More funding, not new universities

The Country Director for Action Aid Nigeria , Hussaini Abdu, presented a lecture on the topic ‘Linking Higher Education to Social Change’ where he criticised the Nigerian government’s penchant for establishing new universities without funding them adequately.

“Nigeria, has in the last three decades, experienced massive expansion in higher education, with over 200 higher educational institutions, it is undoubtedly the largest in sub Saharan Africa in both number of schools and students enrolment.

“This expansion is influenced by contradictory processes of state investment and divestment, the government is reducing funding for universities, while at the same time increasing the number of universities.

“I will be surprised that if by 2015, more universities are not created,” he said.

Mr. Abdu also said since 2011, almost every state in the country now has a university. He wondered why a state such as Yobe, which is unable to fill their slots in most universities within its catchment area, is about to have two new universities – state and federal.

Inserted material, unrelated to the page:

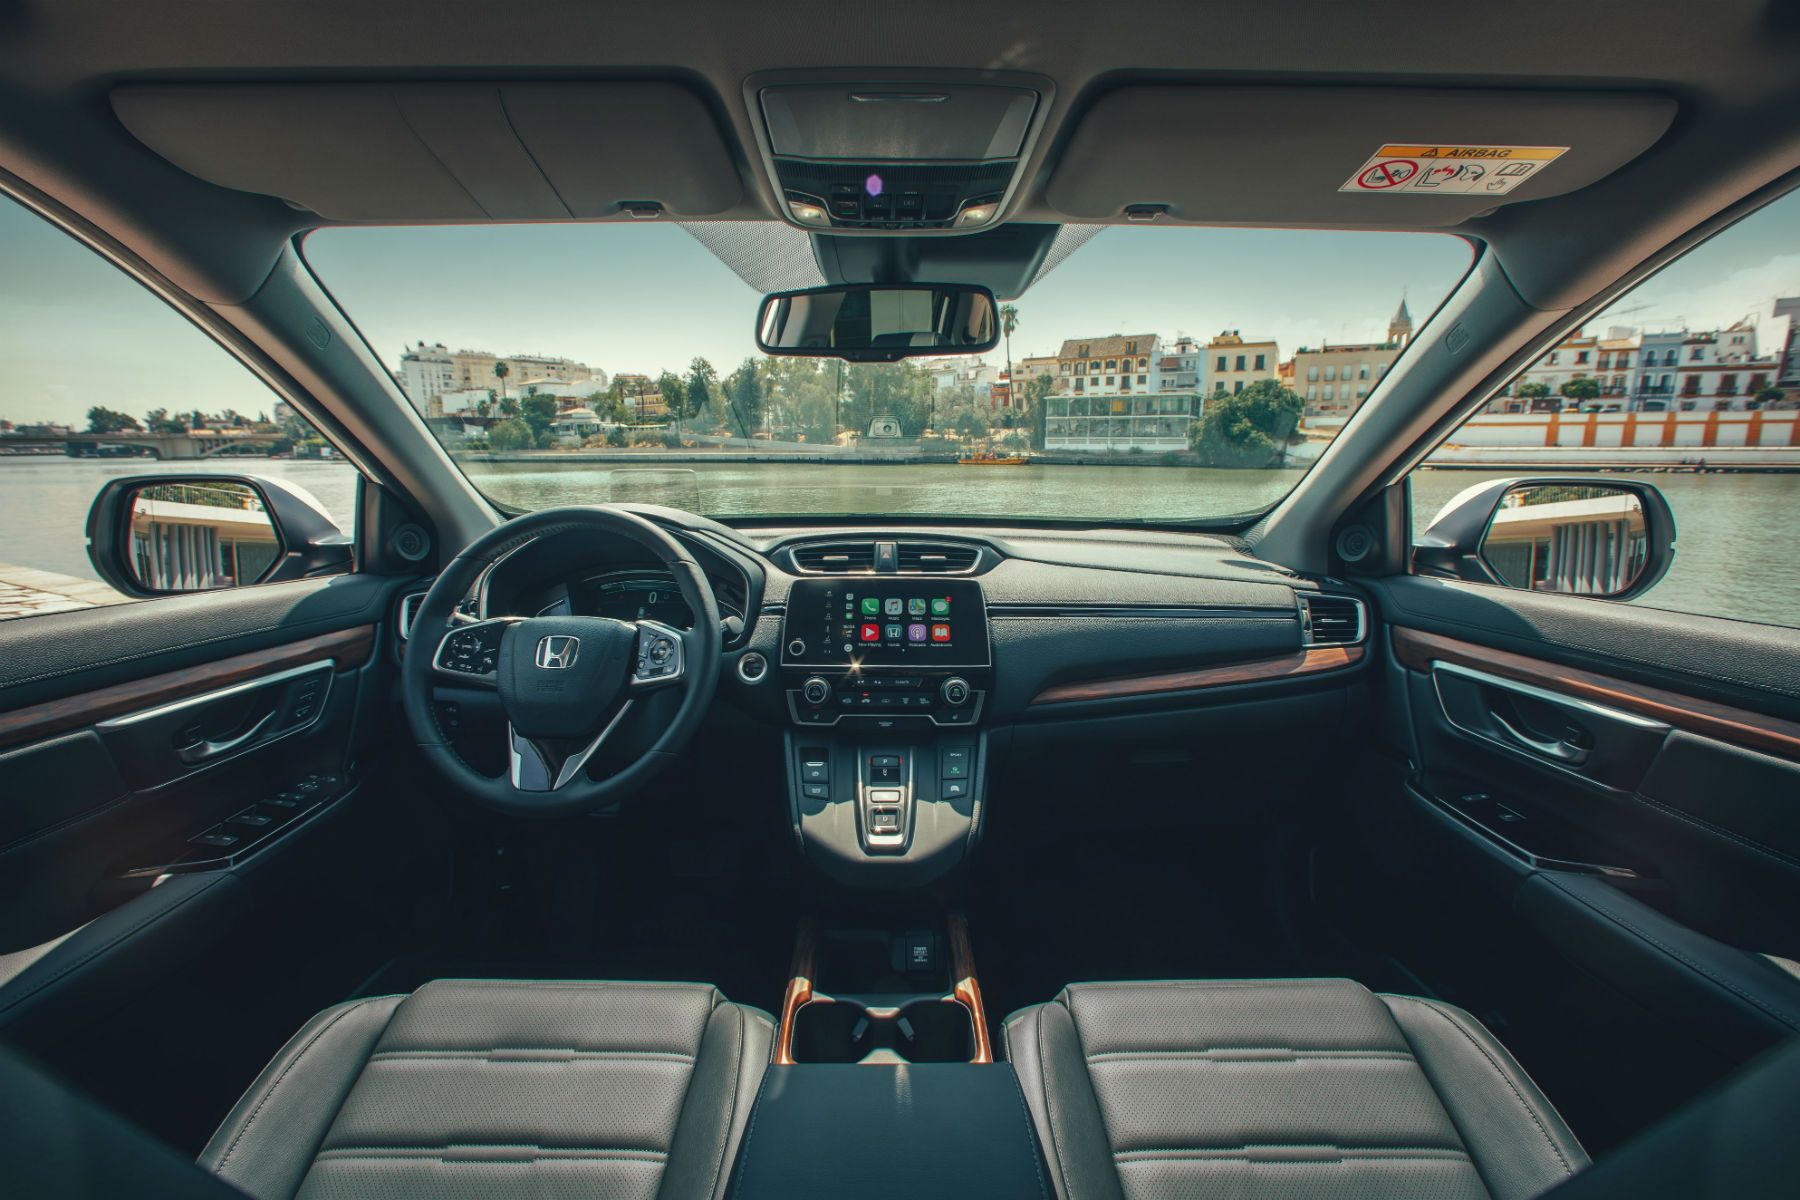 Honda CRV Hybrid Review CarCliq

He advised states such as Kano that has about three universities – two for the state and a federal one- to consider turning one of the universities into a campus of the other.

He said since 1986, Nigerian Universities had been massively underfunded, under staffed and lacking in basic learning facilities and environment.

“Regulations have been extremely poor and destructive, students unionism collapsed and society driven University community engagement have been deeply relegated, while violent counter culture permeates the system,” he said.

As a result of all these, he said, higher education in Nigeria had become regressive,  a situation compounded by the drop in quality and value.

The former Vice Chancellor of the University of Uyo, Idem Essien, who represented the Executive Secretary of the National Universities Commission, NUC, Julius Okojie, defended government’s decision to establish more Universities.

He said “Last week, about 1.7 million candidates sat for the UTME, but the entire 135 Universities in the country can only admit about 500,000 candidates. So where will the rest go?”

He said the country needs more universities to cater for the need of the ever-expanding request for higher education.